Relais Bernard Loiseau

20 décembre 2013

Alexandre Dumaine, qualifié de « cuisinier des rois » ou surnommé « Alexandre le Magnifique » reprit le restaurant de la Côte d’Or en 1930. Parmi les clients du monde politique, artistique et littéraire, figurent le roi d’Espagne, l’Aga Khan, le prince Rainier, Sacha Guitry, Orson Welles, Edith Piaf, Gary Cooper ou encore Salvador Dali. A cette époque, le restaurant du village de Saulieu est l’étape gastronomique obligatoire, au même titre que Fernand Point à Vienne et André Pic à Valence.
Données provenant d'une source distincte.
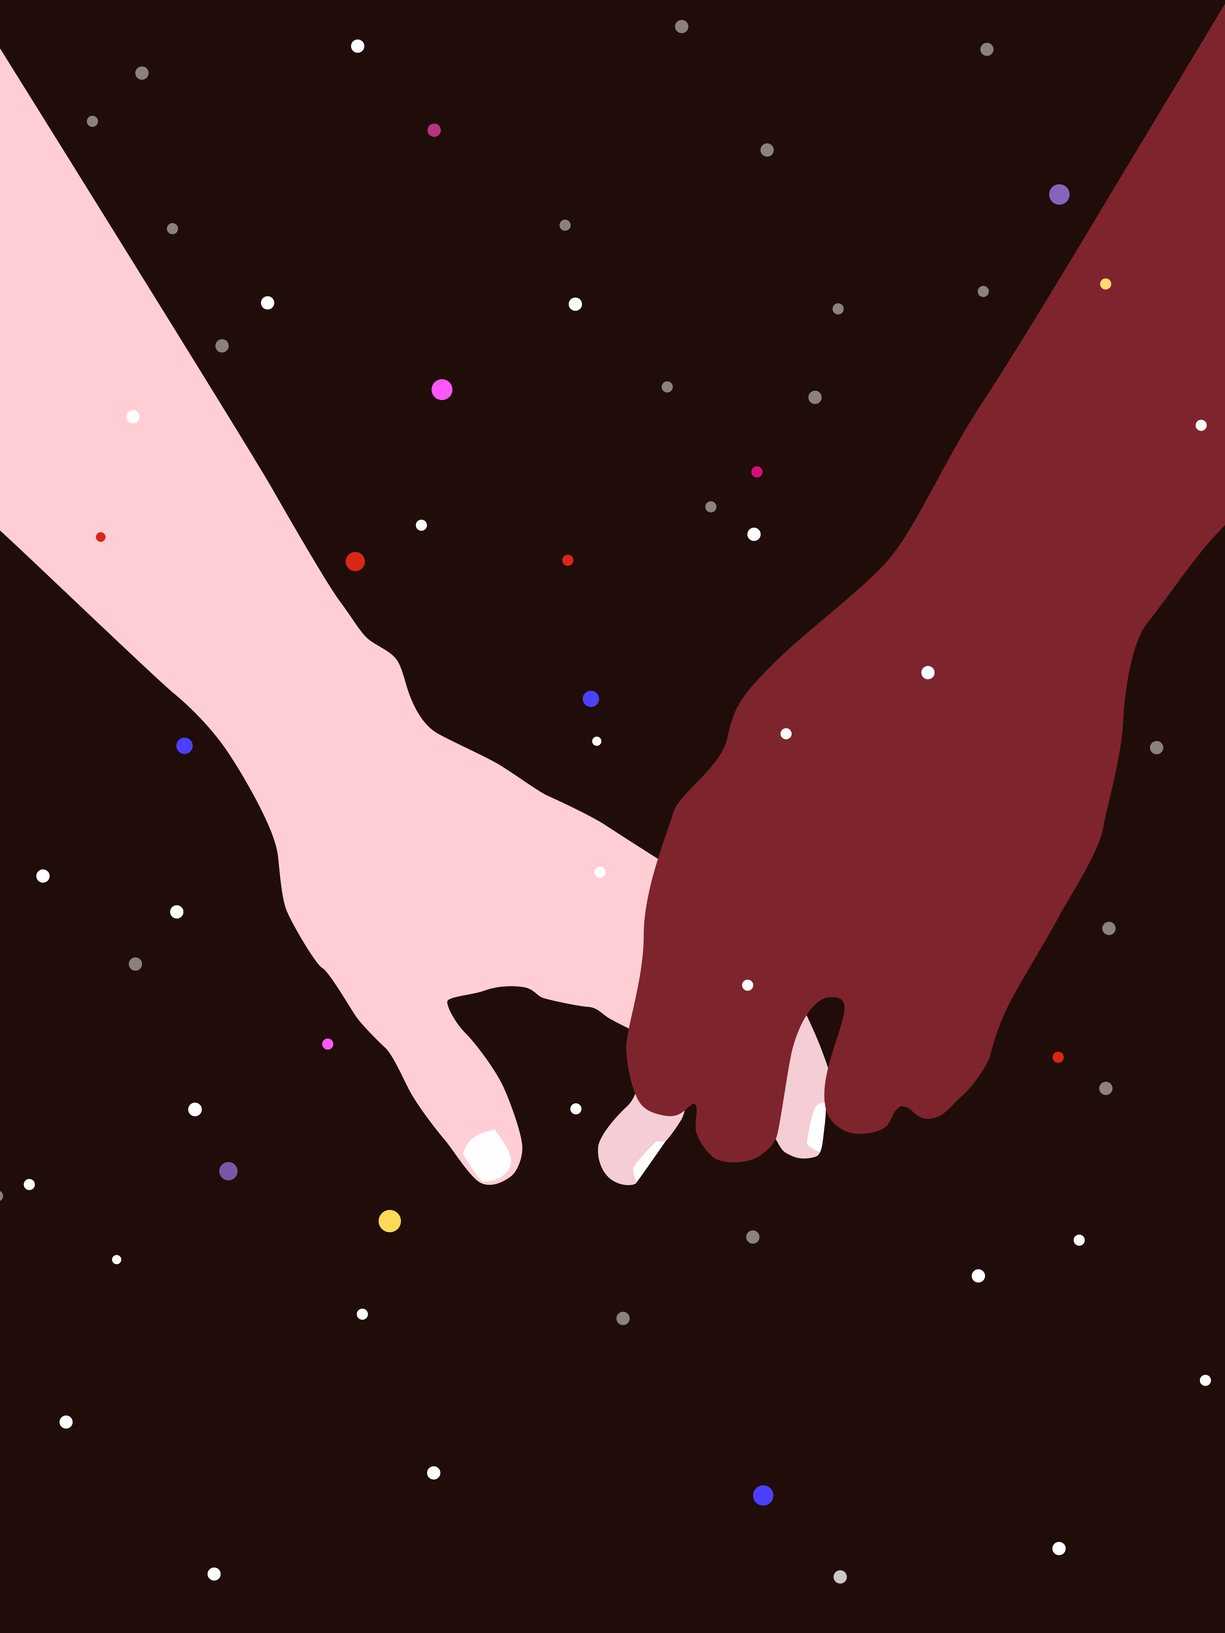 Couple holding hands illustration

Un nouveau propriétaire, Claude Verger, décide de racheter l’établissement et d’en confier la direction à un certain Bernard Loiseau. A l’aube des années 80, Bernard Loiseau se fait remarquer par son style de cuisine épuré, avec ses déglacages à l’eau, devenus depuis une référence. Dès la premiere étoile acquise en 1977, il n’a de cesse de viser la deuxième, attribuée en 1981. Celle-ci verra l’explosion du personnage. C’est l’époque de tous les projets jusqu’à l’attribution de la troisième étoile en mars 1991.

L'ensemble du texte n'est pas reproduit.